Primary focus should be to enhance the deer population and encourage involvement from youth hunters.  

What would you do if it were up to you?


----------



## BlackEagle (Dec 30, 2014)




----------



## Phillip Thurmond (Dec 30, 2014)

Physical tags, Only two (bucks) same as now
Doe harvest would be limited to 3 total.  Any time of season.  
So a total of 5 deer.  
Each hunter would get 5 total tags.  
If you are caught trying to purchase multiple tags then you loose your hunting privilege for 1 year
If you are caught with someone else tags you loose your hunting privilege for one year.  
No party hunting allowed.  
All kills/non kills must be reported no later than 1 month after the season is closed.  Failure to report kill/non kill would result in not being allowed tags for next season.


----------



## bukhuntr (Dec 30, 2014)

Hey there Phillip!  Good to see you again.  Hope you are well!


----------



## fredw (Dec 30, 2014)

Four week archery season followed by a two week long all weapon season.  Reduce the buck limit to one.  Reduce doe limit to two.  Seasons set up such that they all end the weekend after Thanksgiving.


----------



## BPowell92 (Dec 30, 2014)

1 buck and 2 does.  Only 1 week of gun season with maybe a muzzleloader season mixed in somewhere.


----------



## Nicodemus (Dec 30, 2014)

Run the season from November 1st through January 31st. Any legal weapon all season long. Limit of 3 bucks any size, and 1 doe.


----------



## kevincox (Dec 30, 2014)

2 bucks and 3 does
Physical tag sys and automated/online reporting sys. Kills reported within 24 hrs of harvest
Archery Sept 21st. (3rd Sat of Sept) Oct (3rd Sat of Oct)
Youth firearms Oct 25-31
Gun season Nov 1st- Dec 5
Gun Dec 26-Jan 5th(first Sat in following year)


----------



## KyDawg (Dec 30, 2014)

BPowell92 said:


> 1 buck and 2 does.  Only 1 week of gun season with maybe a muzzleloader season mixed in somewhere.



One week of gun season is terrible. We had it up here for years. Some years I could not avoid working a lot of the week. Anything can happen and make you miss most or all of one week. Then you are done gun hunting. Put the limits wherever, even if it is one deer a year, spread it out to give more opportunity to hunt. I do not bow hunt so why should I be limited to one week.


----------



## GA DAWG (Dec 30, 2014)

2 bucks and 3 does. No doe days in oct or nov. Get rid of muzzle loader season thats a joke. Id leave dates alone for everything else.


----------



## pasinthrough (Dec 30, 2014)

KyDawg said:


> One week of gun season is terrible. We had it up here for years. Some years I could not avoid working a lot of the week. Anything can happen and make you miss most or all of one week. Then you are done gun hunting. Put the limits wherever, even if it is one deer a year, spread it out to give more opportunity to hunt. I do not bow hunt so why should I be limited to one week.

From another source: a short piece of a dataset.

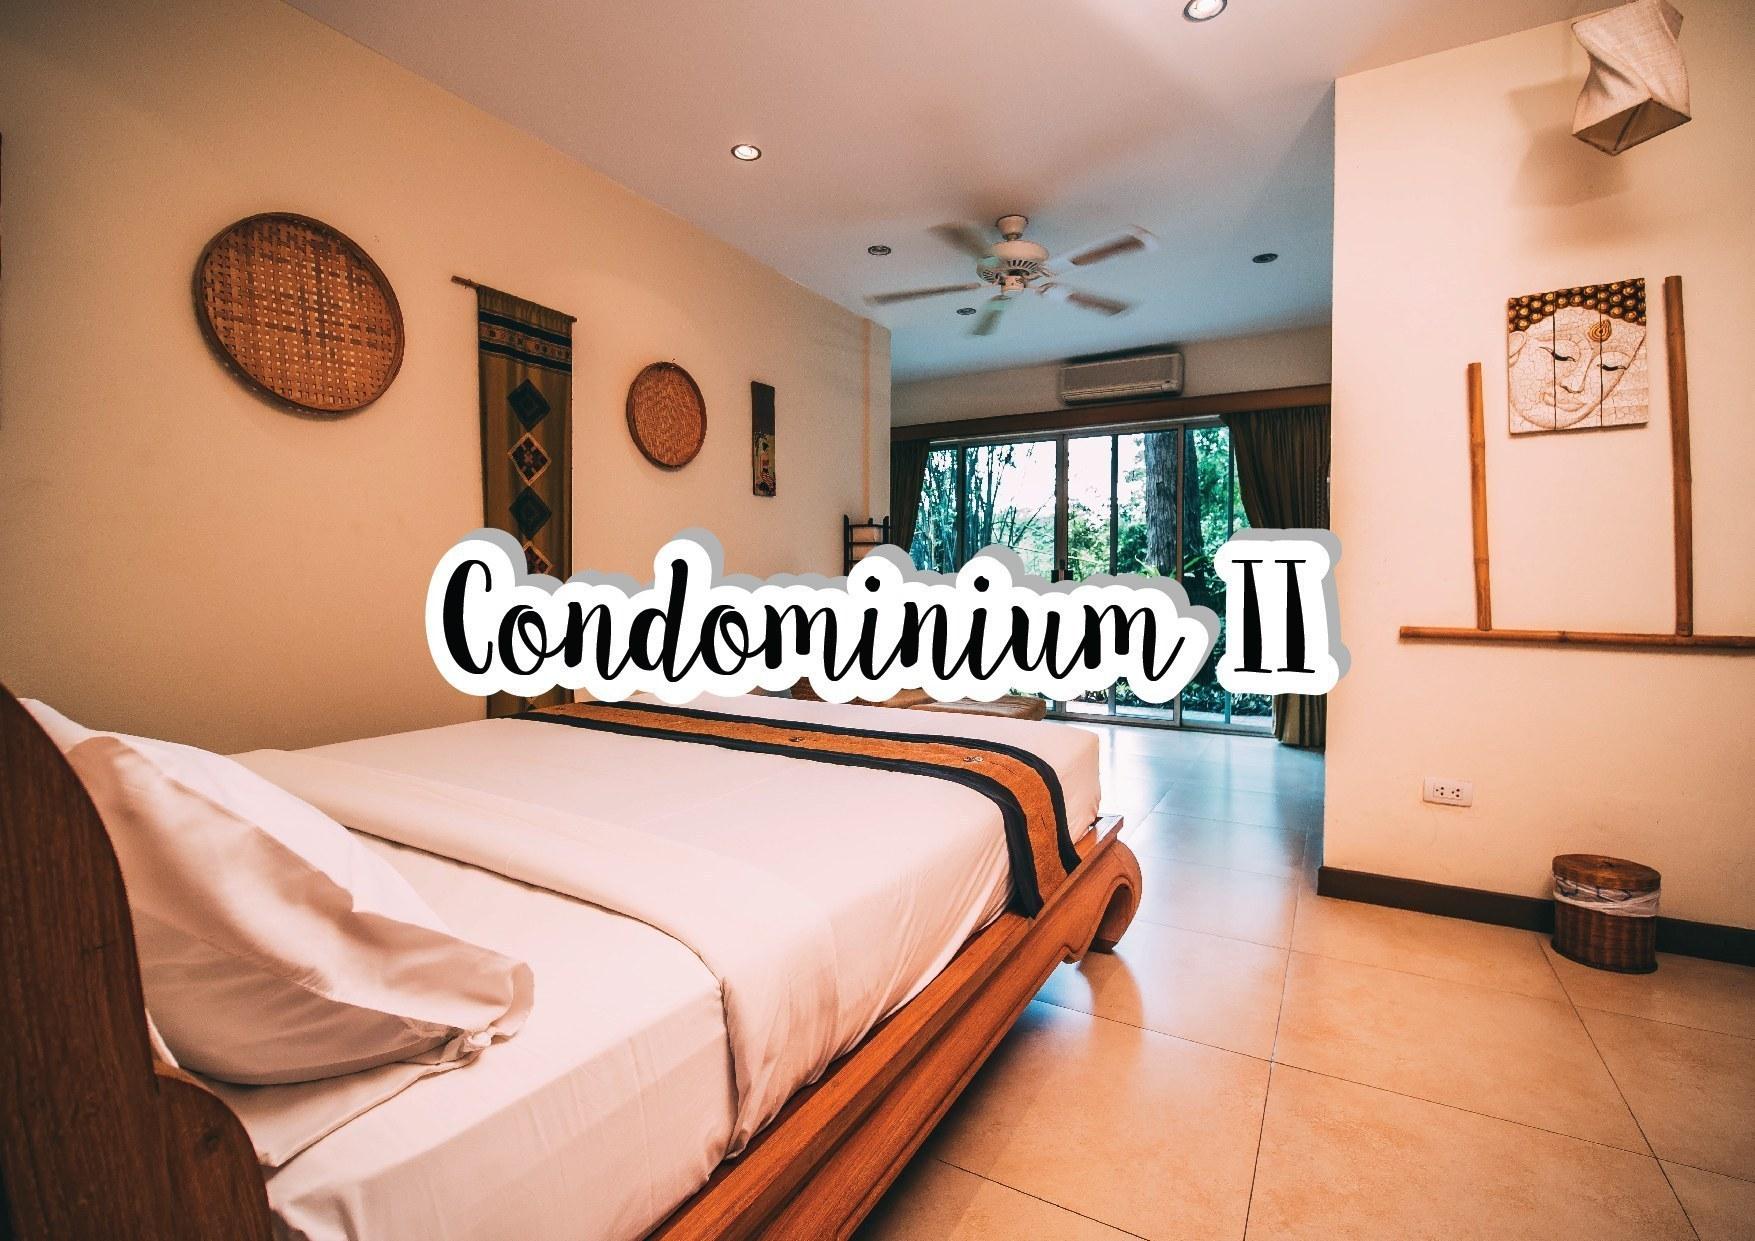 Tao Garden Condominium II

Missouri has only 10 days of firearms.  The state pretty much shuts down for those 10 days.


----------



## bowhunter02 (Dec 30, 2014)

op2:


----------



## Hunter922 (Dec 30, 2014)

kevincox said:


> 2 bucks and 3 does
> Physical tag sys and automated/online reporting sys. Kills reported within 24 hrs of harvest
> Archery Sept 21st. (3rd Sat of Sept) Oct (3rd Sat of Oct)
> Youth firearms Oct 25-31
> ...



If it's not up to me. It's up to Kevin !! The only change would be closing the season January 31st.
Love the idea of more youth only hunting days.


----------



## Jeff Phillips (Dec 30, 2014)

GA DAWG said:


> 2 bucks and 3 does. No doe days in oct or nov. Get rid of muzzle loader season thats a joke. Id leave dates alone for everything else.



That would work.


----------



## Jeff Phillips (Dec 30, 2014)

bukhuntr said:


> This is what I would do.
> 
> First off, I would issue physical tags that are connected to your DL #.  Tags must remain on Antlers at processors etc.
> 
> ...



The results would be even better if there was only 1 week of bow too.


----------



## BPowell92 (Dec 30, 2014)

KyDawg said:


> One week of gun season is terrible. We had it up here for years. Some years I could not avoid working a lot of the week. Anything can happen and make you miss most or all of one week. Then you are done gun hunting. Put the limits wherever, even if it is one deer a year, spread it out to give more opportunity to hunt. I do not bow hunt so why should I be limited to one week.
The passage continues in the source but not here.